A lot of test candidates who just barely achieve the minimum passing score by one or two questions feel like they didn't really earn the certification. Remember that certification exams are boolean in nature: You either passed or you didn't. And if your score is equal to or greater than the minimum score, you passed. If the exam sponsor wanted the score to be three points higher, it'd be three points higher. Forget about the score and celebrate your accomplishment!

My employer will pay for me to get a certification. Should I do it?

Be careful with this. Many people see this as an opportunity for a free certification, but be sure to weigh the risks against its potential benefits. Many employers require you to front the cost of the exam and reimburse you afterward, but only if you pass. You might fail the exam and get stuck with the bill. This is an acceptable risk if you wanted to pursue the certification anyway, but not if you're doing so only at the request of your employer.

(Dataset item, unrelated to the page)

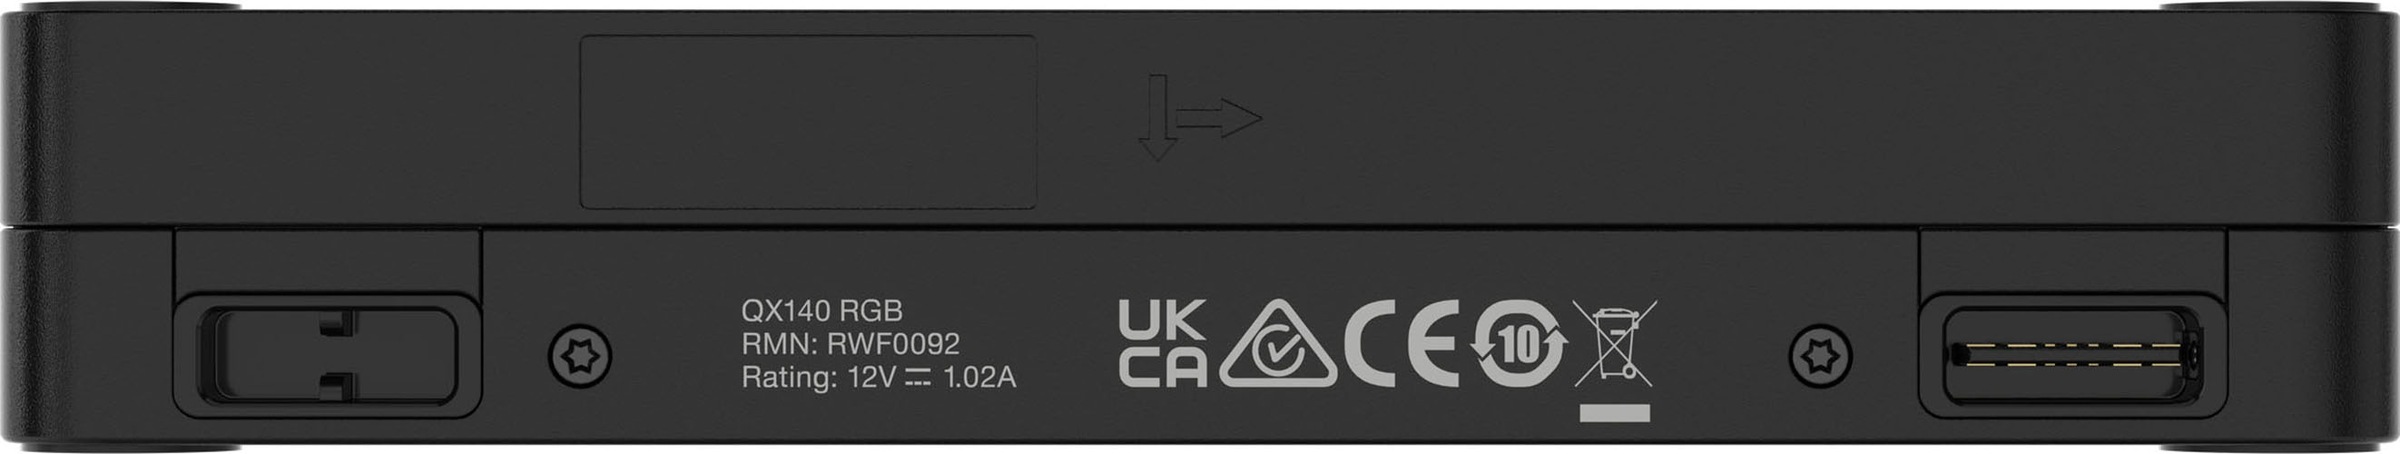 Corsair Gehäuselüfter »iCUE LINK QX140 RGB 140-mm-PWM-Lüfter-Starter-Kit«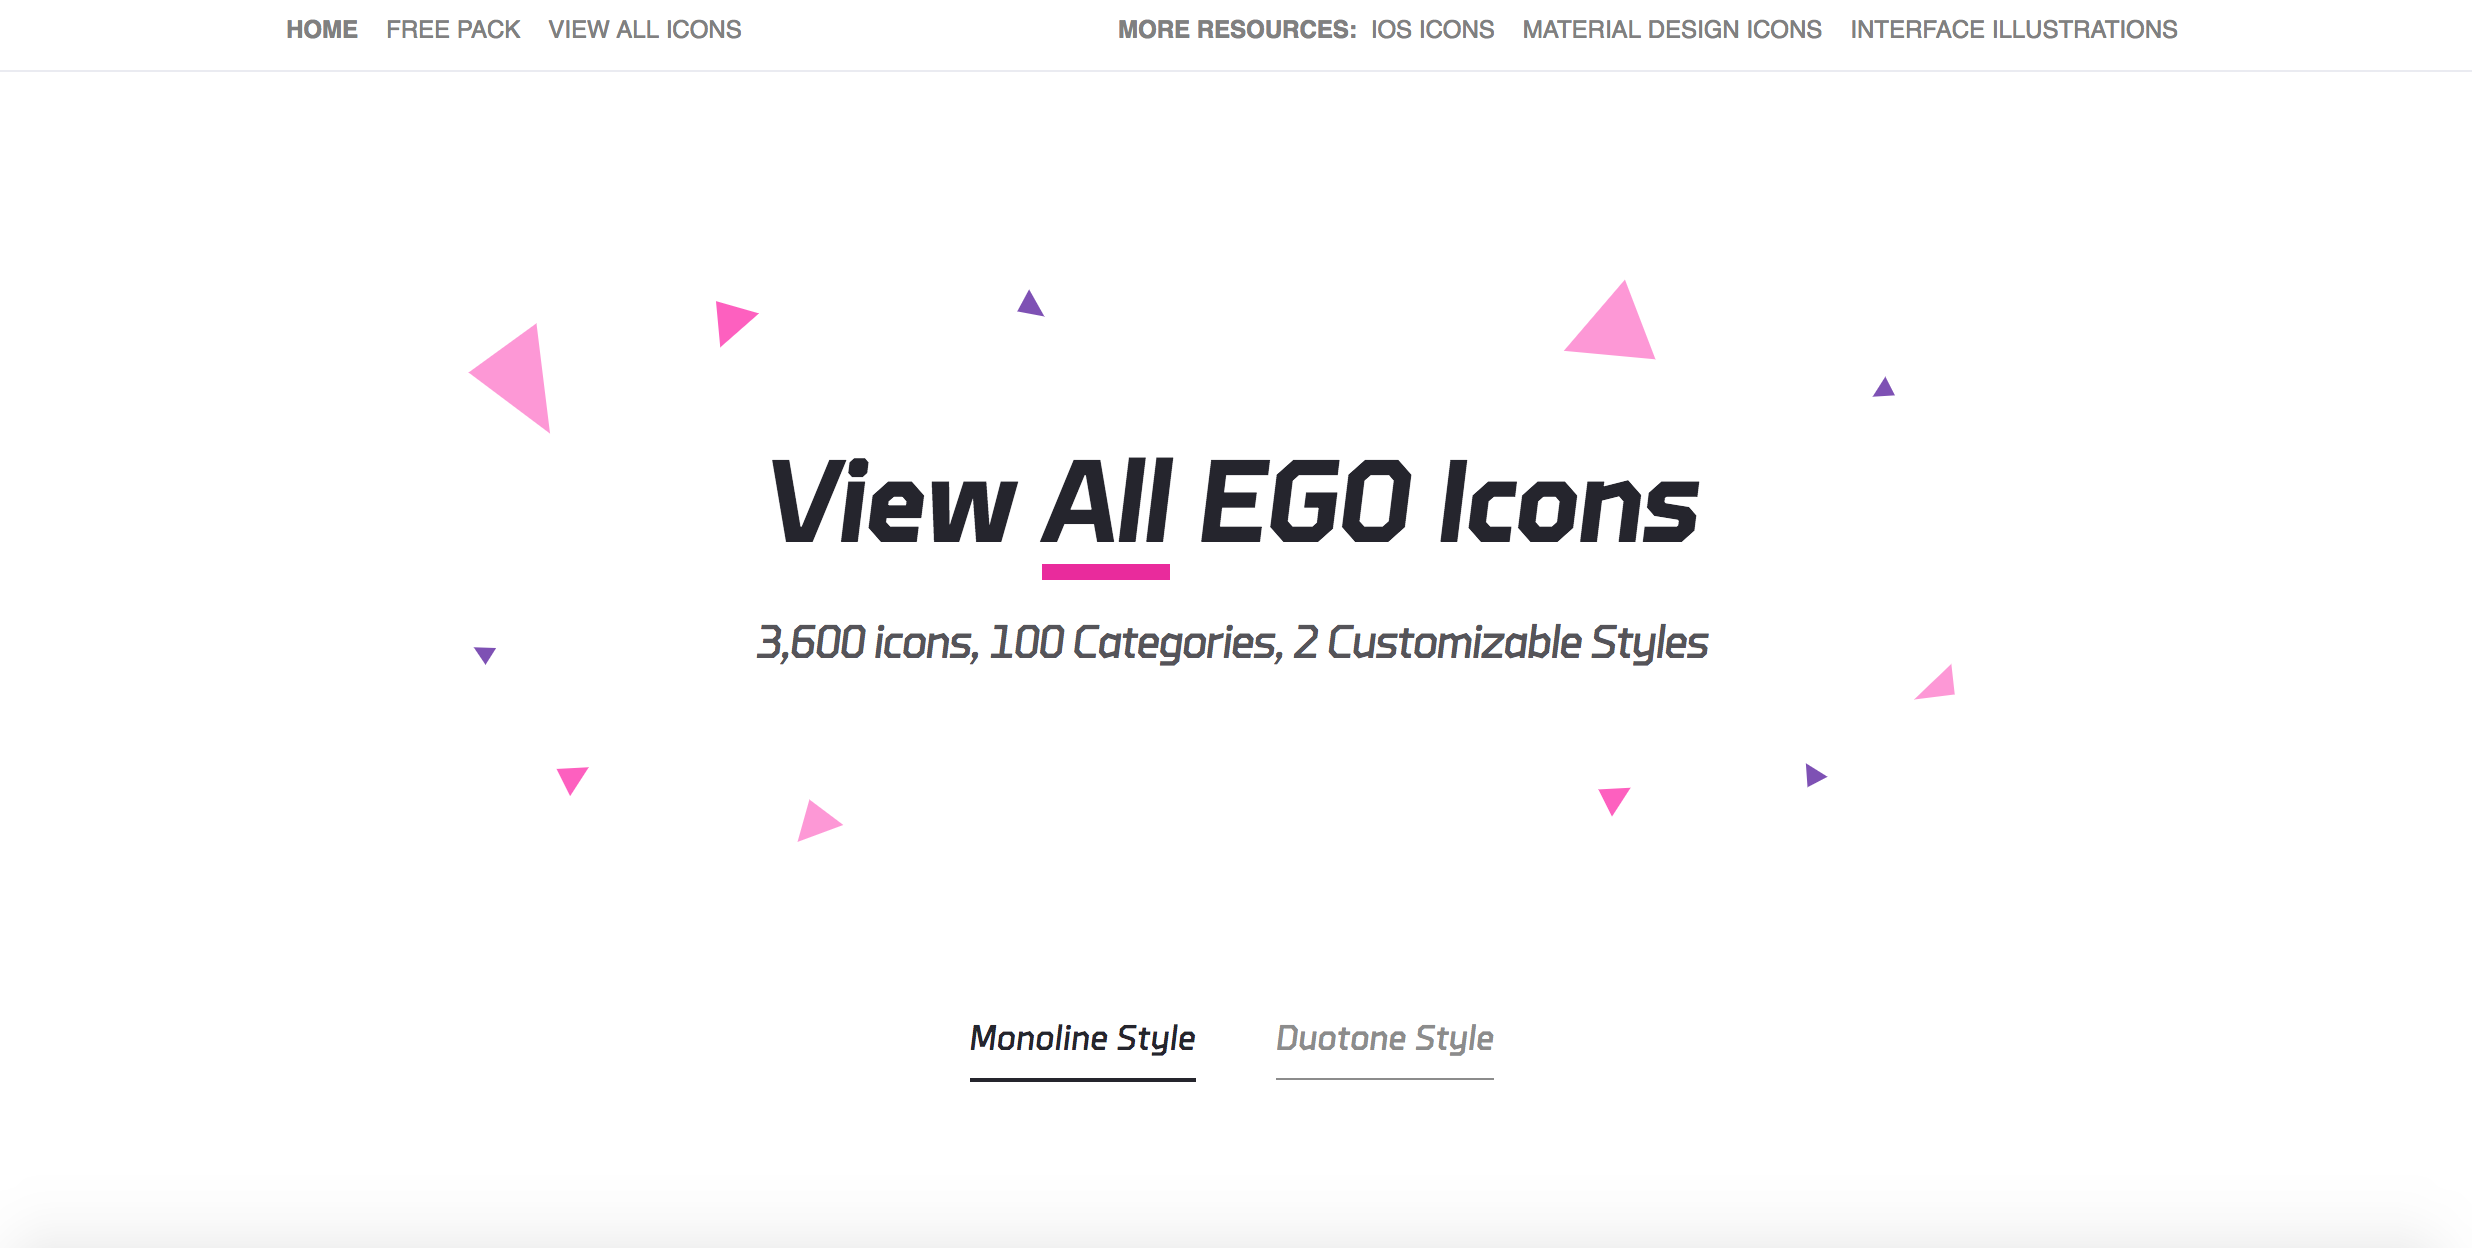 Ego icons presentation icons

Also check whether your employer is expecting a written commitment from you in return for sponsoring your study. This isn't usually a concern for entry-level exams, but studying and testing for some higher-level certifications can cost thousands of dollars, and your employer may rightfully want to ensure you don't jump ship right after they finish paying for your certification. If you're not comfortable with this commitment, ask to negotiate a repayment arrangement should you decide to leave the company in the near future.

About the Author

Jeremy Stretch is a network engineer living in the Raleigh-Durham, North Carolina area. He is known for his blog and cheat sheets here at Packet Life. You can reach him by email or follow him on Twitter.

Comments


Alex (guest)
January 10, 2015 at 2:47 a.m. UTC

Thanks for these last two posts. The problem with me has always been the pressure of the 'timer' but lately been preparing myself mentally. Looking forward to your book.


Tony (guest)
May 10, 2015 at 6:16 p.m. UTC

Thanks very for this post Jeremy. I have found it very useful. :-)


Jason (guest)
October 14, 2015 at 4:47 a.m. UTC

Thank you!!!!!! for your post, helped out alot planning on getting my CCNA soon. Thank you!!!!!.